Он понял, чего стоит возмущение подследственного и его требование перенести допрос в служебное помещение, и в неожиданно дружественном тоне подтвердил:
— Ну еще бы не нужно было народ перевоспитывать, ежели он нынче — строитель коммунизма?! Конечно, нужно! Конечно, как можно скорее, пока железо еще горячо, пока революция в нем не остыла, пока в народе еще не разрушен дух общинности. Пока не упущена возможность повернуть его к коммунизму вместе со всей его историей, начиная с «Повести временных лет» и даже — более ранней...
А кончилось-то? Неожиданно случилось, нельзя было этого ожидать...
Корнилов несколько раз ощупывал рану на голове, она легонько, но свербила, зудилась, может быть, оттого, что заживала, но УУР вдруг спросил:
— Болит?
— Побаливает...
— Ну, так мы вот что, мы на сегодняшний день кончим. У меня и другие дела имеются, тоже неотложные, а вы чайку попейте. Отдохните. Приготовьтесь к дальнейшим вопросам, не завтра, так послезавтра мы разговор продолжим, да. А чтобы вам не скучно было, я вам книжечки принес. Три! Две Анатоля Франса, одну — Бернарда Шоу. Борю и Толю принес я вам, судя по всему, они любимые вами интеллигенты. Мыслительные люди, ежели не сказать — заумные! Вот и читайте на здоровье!
— Вы же говорили, вам эти книги еще нужно где-то взять? В какой-то, кажется, библиотеке?
— Это я так. Просто так, позондировать — нужны вам Боря с Толей или нет. Вот получите: это — Толя, а это — Боря... Но только не думайте, что ваше дело вам сойдет с рук, нет — не сойдет! Я вас закатаю, дорогой мой, и хорошо закатаю. Надолго и надежно! Тут уж ничего не поделаешь — нет для меня другого выхода, совесть не позволяет. Конечно, вы можете сегодня же убежать, скрыться, но напрасно: поймаю!
На какое-то время — на день, на два, на три, Корнилов почему-то сбился со счета — он остался один и действительно читал Шоу и Франса и спрашивал себя — а что же это было, что за допрос? Фарс какой-нибудь? Агитация и пропаганда какая-нибудь? Внушение? Вербовка куда-нибудь? Или это все-таки был допрос?

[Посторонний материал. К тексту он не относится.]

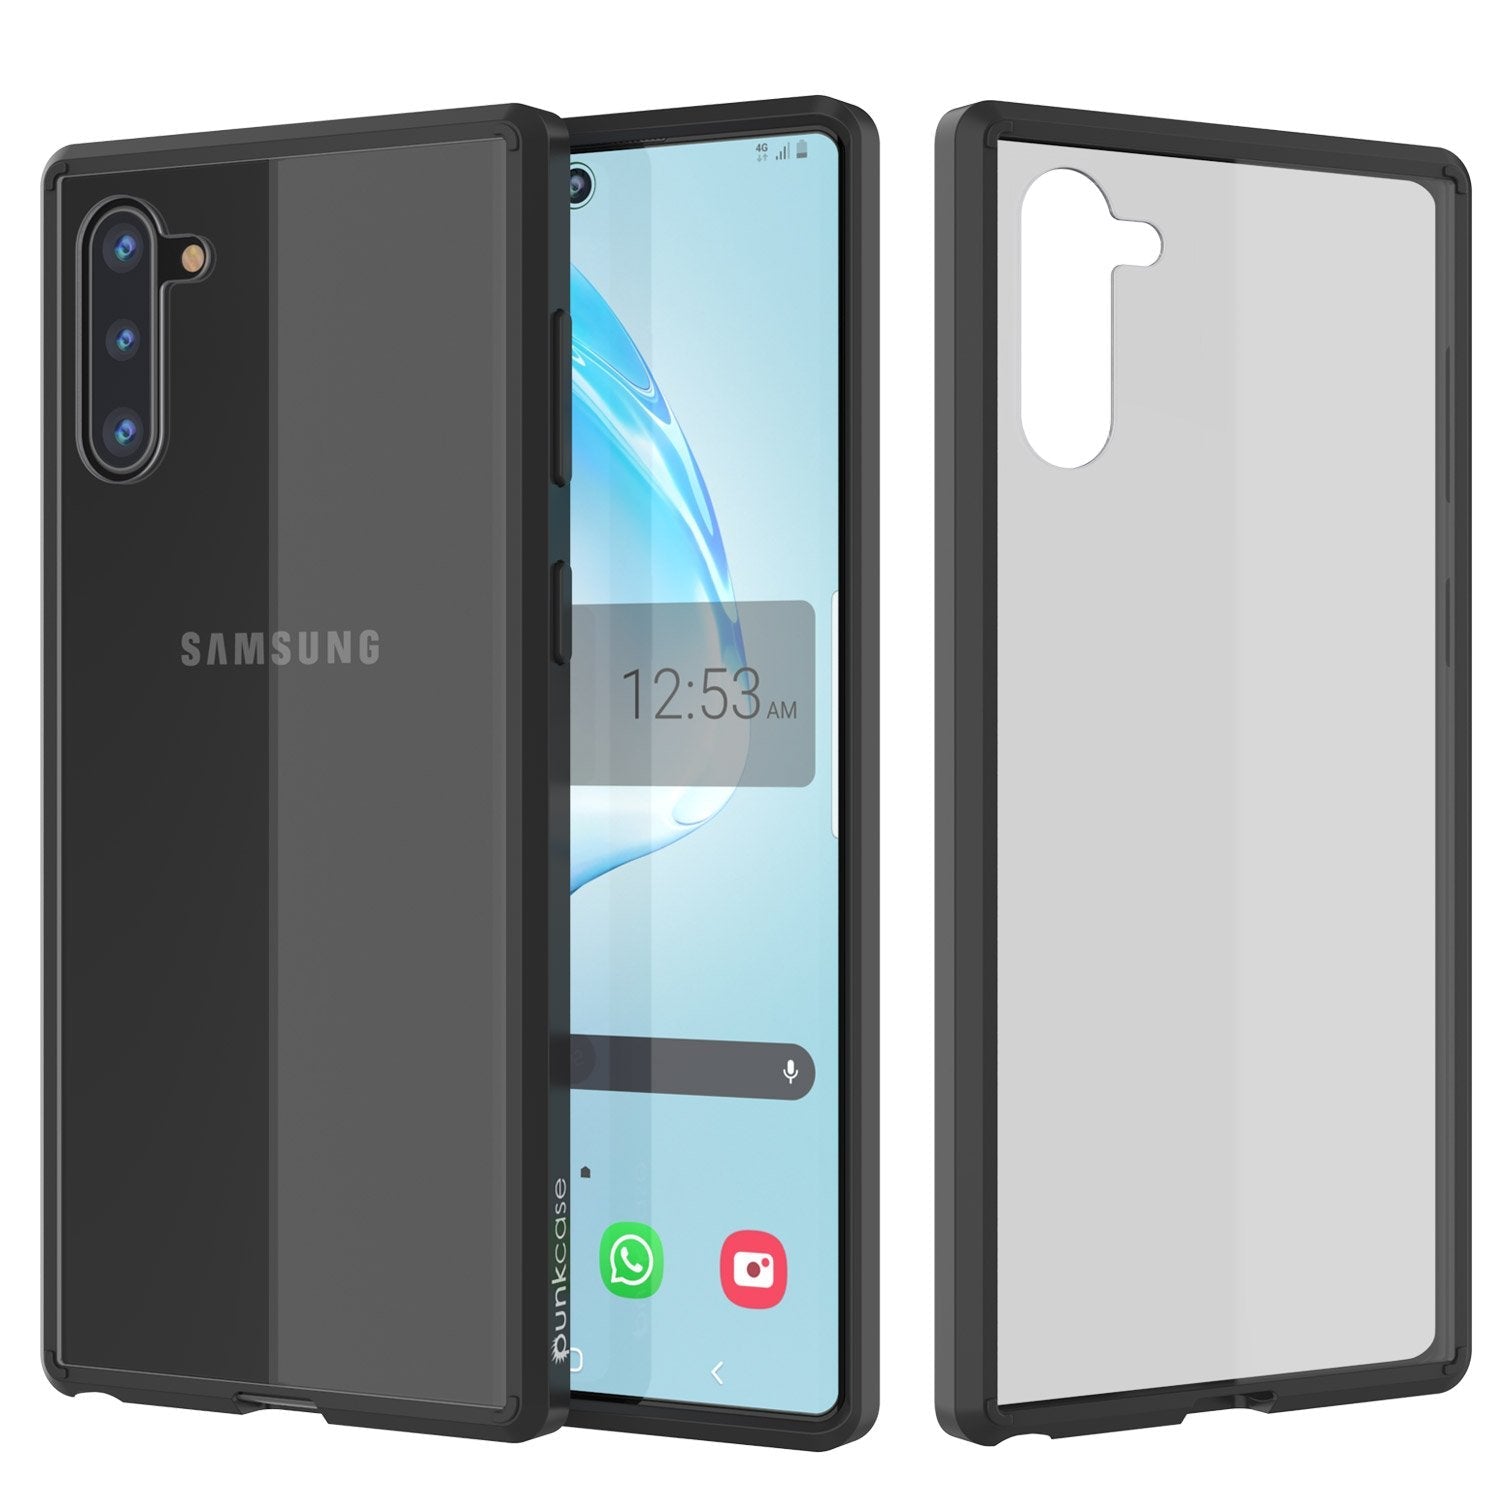 Galaxy Note 10 Punkcase Lucid-2.0 Series Slim Fit Armor Black Case Cover (Color in image: Black)

Не знаешь, что и думать...
Не зная, что думать, он думал: ну почему, почему, право, не съездил он в Саратов после смерти тамошнего папочки? Даже и не занимался бы в Саратове наследственными делами, ничем не занимался, а так — повертелся бы у кого-то на глазах, по улицам походил бы, местную газету почитал бы, и все! Теперь все было бы в порядке! Ведь чувствовал же он в свое время, когда вступал во владение «Конторой», что надо, надо съездить!

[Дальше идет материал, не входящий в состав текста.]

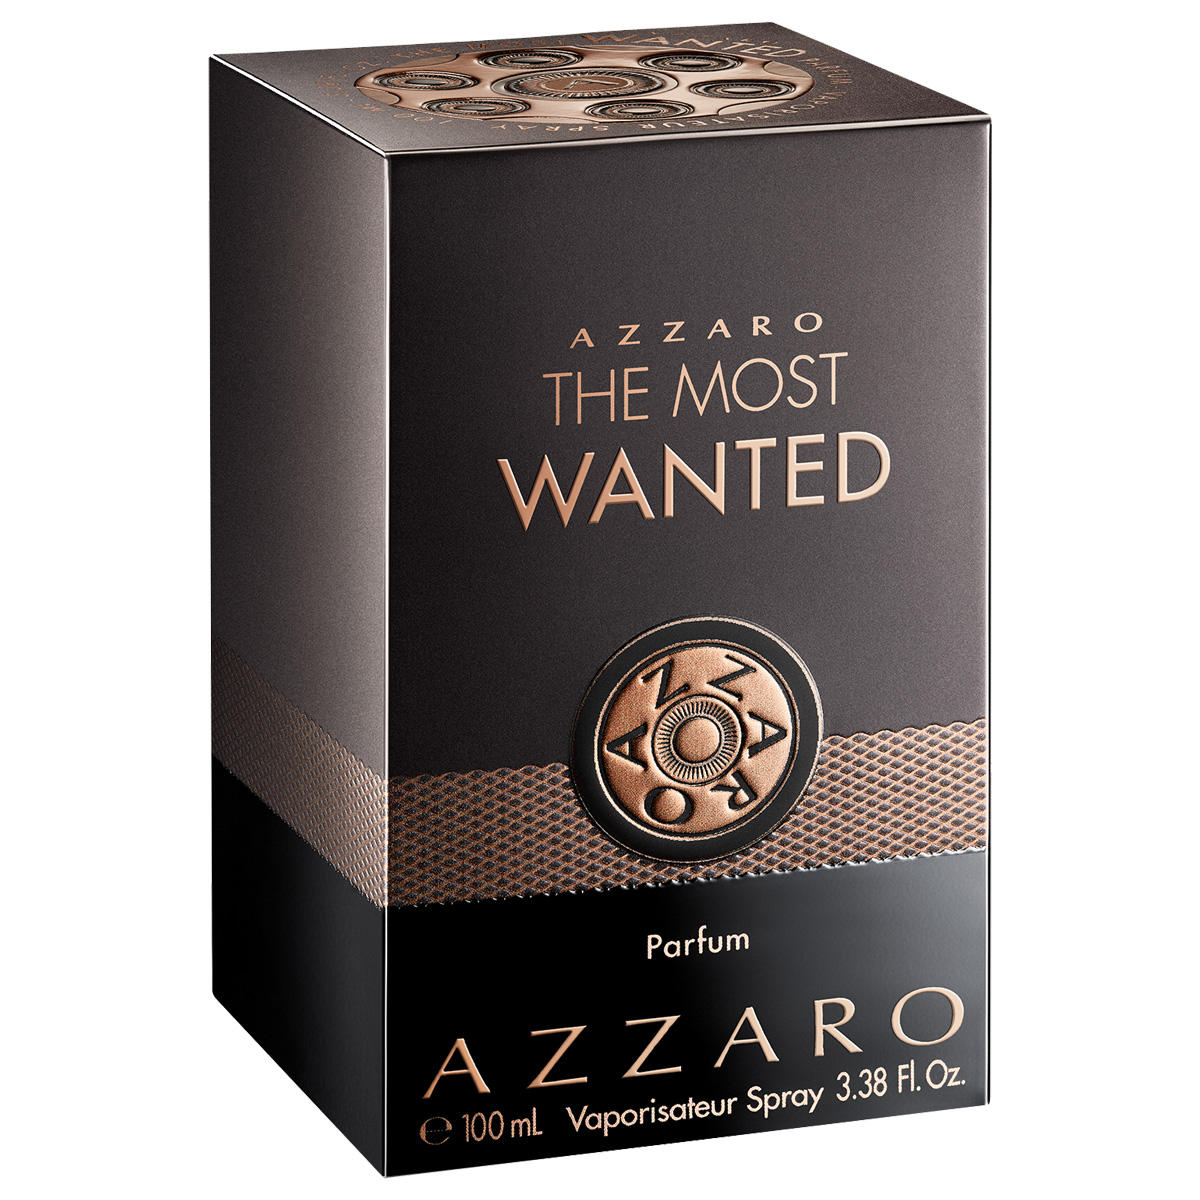 Azzaro Wanted The Most Le Parfum 100 ml - 2

Кроме того, не зная, что думать, Корнилов все больше и больше думал о Леночке Феодосьевой, ее вспоминал.
Он Леночку-то знал давно. Ну как давно.
Приехал в город Аул, поселился у своей спасительницы Евгении Владимировны и тут же где-то вскоре познакомился с Леночкой. Когда именно — нет, не помнит. Вернее всего — на бирже труда, в очереди безработных, до того, как стал вить веревки в Верхней заимке. За прошедшие с тех пор годы Леночка не раз и не два то приближалась к нему, то отдалялась, совсем исчезала...
Так было: вдруг Леночка появляется в каморке на углу Локтевской с площадью Зайчанской, появится, поглядит на Евгению Владимировну и на Корнилова тоже, что-то такое поболтает, задумается, будто спрашивая у себя — туда ли она попала, куда хотела попасть, к тем ли людям? — ответит: нет, не туда и не к тем! — и убежит! Полгода ее нет.
Через полгода прибежит снова — проверить, не ошиблась ли она в тот раз? Может быть, люди-то все-таки — те? Нет, не те! — ответит самой себе через полчасика и убежит снова...
Ит. д.
А чего тут было проверять-то, в чем еще и еще раз убеждаться? — удивлялся Корнилов.— Ну разве Евгения Владимировна, святая женщина, могла быть близким человеком для Леночки, своим человеком?! Своим по духу, хотя бы по внешним каким-то признакам, по тому, что составляет женский разговор? Евгения-то Владимировна, она и понятия о таком разговоре не имела, а Леночка за ним и прибегала. Ну, положим, не только за ним, не только к Евгении Владимировне, и к Корнилову, разумеется, тоже, но не могли же они — Леночка и Корнилов — между собой беседовать, дальше и дальше знакомиться, если с Евгенией Владимировной у нее два слова не клеилось?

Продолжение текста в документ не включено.